TARGET_ECS_IP=x.x.x.x

kill_mysqld()
{
    mysqld_pid=$(ssh root@$TARGET_ECS_IP "pidof mysqld")
    if [ $mysqld_pid -ne 0 ];then
        ssh root@$TARGET_ECS_IP "kill -9 $mysqld_pid"
    fi
}

start_and_wait_for_ready()
{
    LOG=$LOG_DIR/$1.log
    SYSBENCH_LOG=${EXECDIR}/$test_name/$1.log.log
    ssh root@$TARGET_ECS_IP "rm -rf $LOG"
    ssh root@$TARGET_ECS_IP "$EXEC --defaults-file=$CNF $EXT_OPT --log-error=$LOG &"

    START_DONE=0
    while [ $START_DONE -eq 0 ]
    do
        sleep 0.5

        START_DONE=$(ssh root@$TARGET_ECS_IP "grep -c 'mysqld:\ ready\ for\ connections' $LOG")
    done

    echo "=========TIMESTAMP=========" >> $SYSBENCH_LOG
    ssh root@$TARGET_ECS_IP "grep '\[RTO\]' $LOG" >> $SYSBENCH_LOG
    ssh root@$TARGET_ECS_IP "grep 'mysqld: ready for connections' $LOG" >> $SYSBENCH_LOG
    echo "=========TIMESTAMP=========" >> $SYSBENCH_LOG
}

if [ "$test_name" == "" ];then
    echo "Test name not given."
fi

mkdir -p ${EXECDIR}/$test_name

for ip_port in ${instances[*]}
do
    host=`echo $ip_port | awk -F ':' '{print $1}'`
    port=`echo $ip_port | awk -F ':' '{print $2}'`

    prepare_cmd="sysbench oltp_read_write --mysql-host=$host --mysql-port=$port --mysql-user=test --mysql-password=test123 --tables=$table_num --threads=$table_num --table_size=$table_size_set --mysql-db=sbtest --rand-type=special --rand-spec-pct=15 prepare"
    $prepare_cmd > ${EXECDIR}/$test_name/${test_name}.prepare

    for mode in ${modes[*]}
    do
        cmd="sysbench ${mode} --mysql-host=$host --mysql-port=$port --mysql-user=test --mysql-password=test123 --tables=$table_num --table_size=$table_size_set --report-interval=1 --mysql-db=sbtest --rand-type=special --rand-spec-pct=15"
        conn='0'
        warm_cmd="$cmd --threads=128 --time=$warm_time run"
        file_name="${EXECDIR}/$test_name/${test_name}-${mode}.log"
        $warm_cmd > ${file_name}.log
        for conn in ${conns[*]}
        do
            file_name="${EXECDIR}/$test_name/${test_name}-${mode}-${conn}-${host}.log"

            kill_mysqld
            start_and_wait_for_ready "${test_name}-${mode}-${conn}-${host}"

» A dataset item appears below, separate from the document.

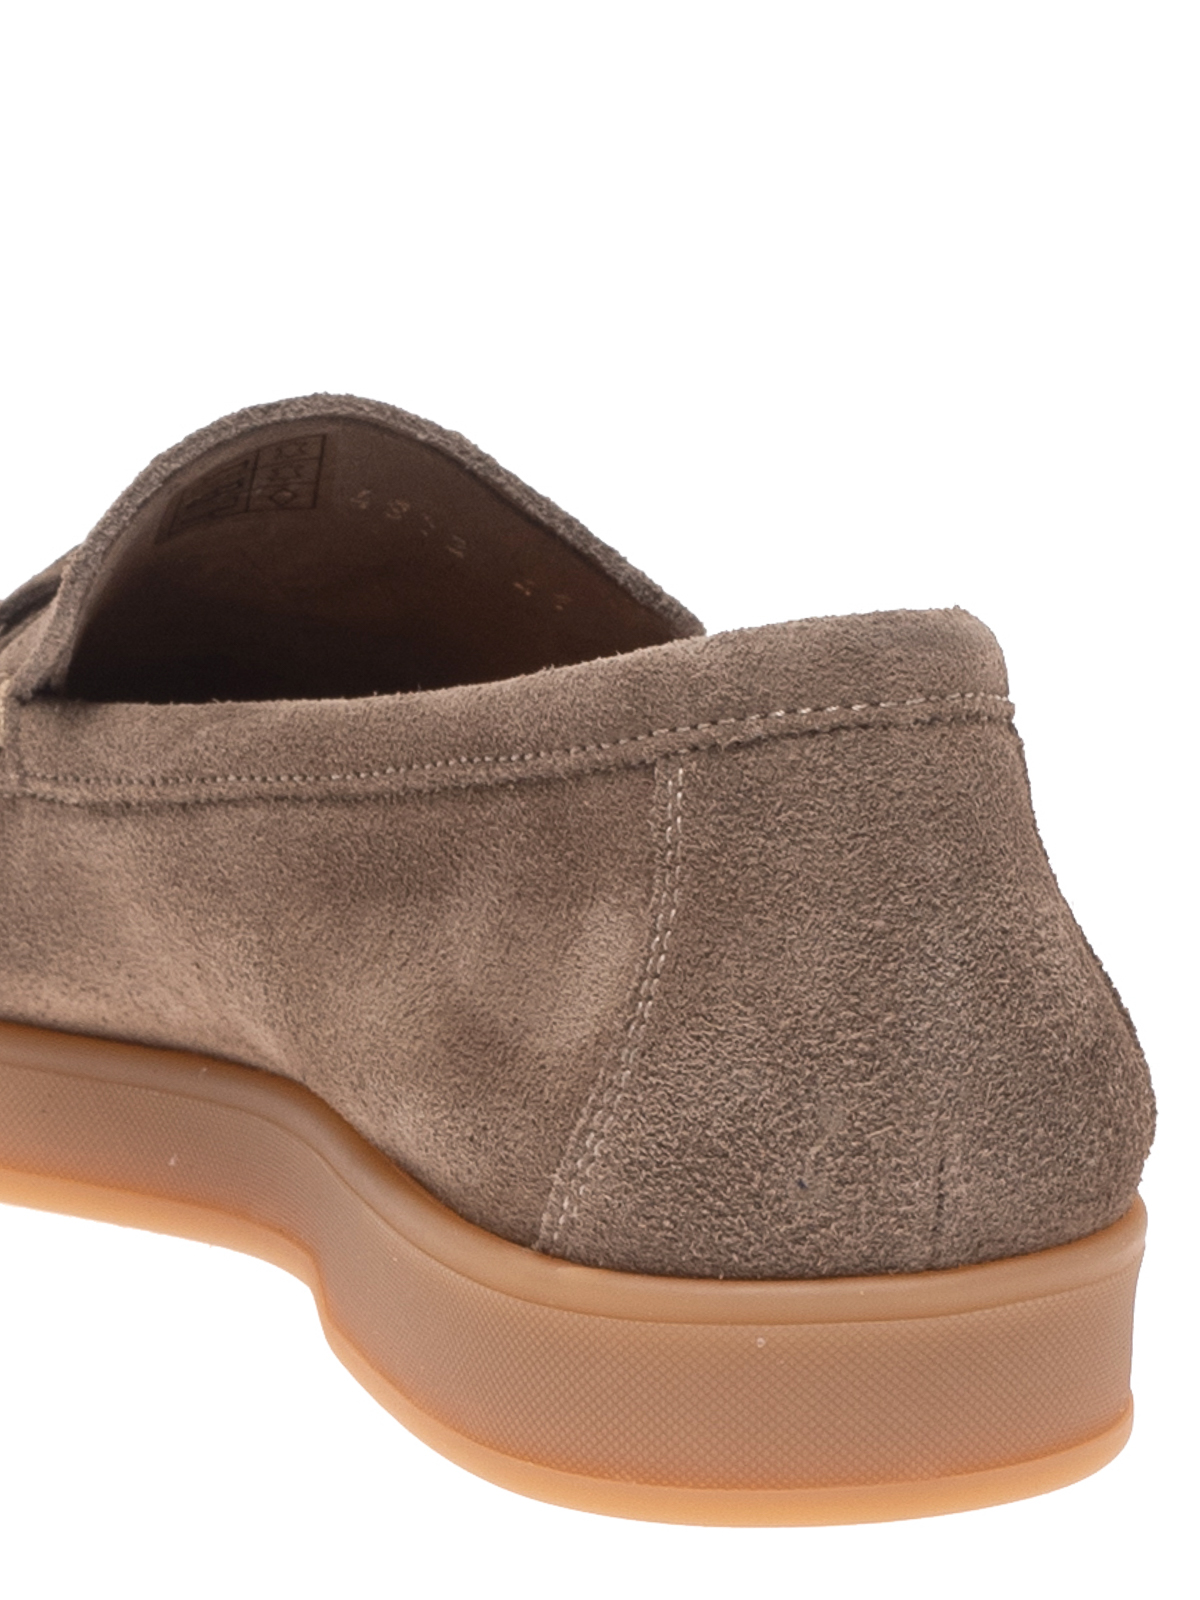 taupe suede loafers

            run_cmd="$cmd --threads=$conn --time=$run_time run"
            echo "$run_cmd" >> ${file_name}.log
            $run_cmd | ts >> ${file_name}.log
        done
    done
done
" 

========================================
Also, you can use this shell scripts to monitor innodb_metrics:
"
TARGET_ECS_IP=x.x.x.x
BASE_DIR="/root/sbtest"
log_name=$1
OUTPUT_DIR=$BASE_DIR/$log_name
mysql_cmd="mysql -h$TARGET_ECS_IP -utest -P3306 -ptest123"
MONITOR_SQL="SELECT name, count FROM INFORMATION_SCHEMA.INNODB_METRICS WHERE name like 'buffer_flush%';"

while true
do
    echo "$MONITOR_SQL" | $mysql_cmd | ts >> $OUTPUT_DIR
    sleep 1
done
"

Suggested fix:
1. Maybe we can fix this bug by handling the unexpected situation of `pct_for_lsn > 30 && page_cleaner->slots[i].n_pages_requested / sum_pages_for_lsn == 1`???

2. Add a monitor to the exact value of innodb_flush_pages(sum the page_cleaner->slots[i].n_pages_requested), and make sure it is close to `buffer_flush_n_to_flush_requested`.

HI Mr. Wang,

Thank you for your bug report.

We have managed to repeat partially  the behaviour that you reported. That might be because we always test on the server that is optimally configured.

Hence, repeating fully the  behaviour on sub-optimally configured server should not be a problem.

However, we do not think that this is a bug.

This is not even a performance improvement report, since the performance improvement during crash recovery is far, far less important compared to the success of the crash recovery.

This ls, however,  a great feature request.

Verified as a feature request for the versions 8.0 and all higher versions.